Note that many small segments will fit noisy data better, shrinking the residuals used to calculate the other estimates of spread, even if many of the segments are spurious. One possible heuristic for judging the overall noisiness of each sample in a table is to multiply the number of segments by the biweight midvariance – the value will tend to be higher for unreliable samples. Check questionable samples for poor coverage (using e.g. bedtools, chanjo, IGV or Picard CalculateHsMetrics).

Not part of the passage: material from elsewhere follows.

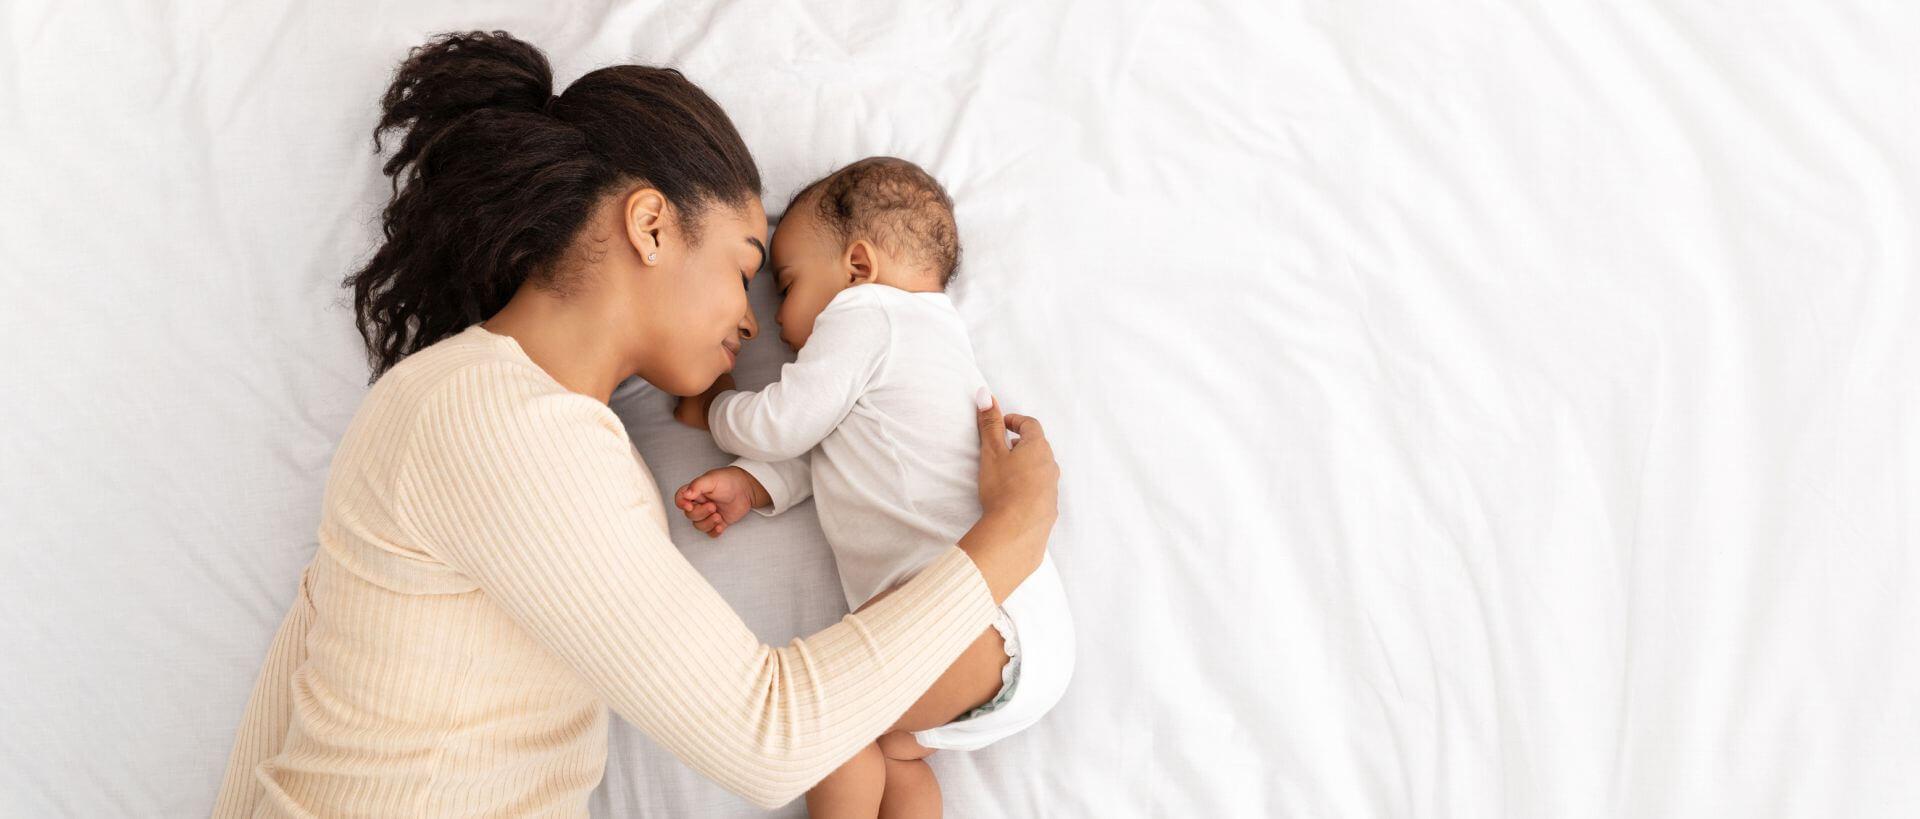 Das Risiko für den plötzlichen Kindstod ist unter normalen Umständen im Elternbett nicht erhöht.

Finally, visualizing a sample with CNVkit’s scatter command will often make it apparent whether a sample or the copy ratios within a genomic region can be trusted.

segmetrics

Calculate summary statistics of the residual bin-level log2 ratio estimates from the segment means, similar to the existing metrics command, but for each segment individually.

Results are output in the same format as the CNVkit segmentation file (.cns), with the stat names and calculated values printed in additional columns.

cnvkit.py segmetrics Sample.cnr -s Sample.cns --iqr
cnvkit.py segmetrics -s Sample.cn{s,r} --ci --pi

Supported stats:

  • Alternative estimators of segment mean, which ignore bin weights: --mean, -median, --mode.
  • As in metrics: standard deviation (--std), median absolute deviation (--mad), inter-quartile range (--iqr), Tukey’s biweight midvariance (--bivar)
  • Additionally: mean squared error (--mse), standard error of the mean (-sem).
  • Confidence interval of the segment mean (--ci), estimated by bootstrap (100 resamplings) of the bin-level log2 ratio values within the segment. The upper and lower bounds are output as separate columns ci_lo and ci_hi.
  • Prediction interval (--pi), estimated by the range between the 2.5-97.5 percentiles of the segment’s bin-level log2 ratios. The upper and lower bounds are output as columns pi_lo and pi_hi.

The --ci and --sem values obtained here can also be used in the call command for filtering segments.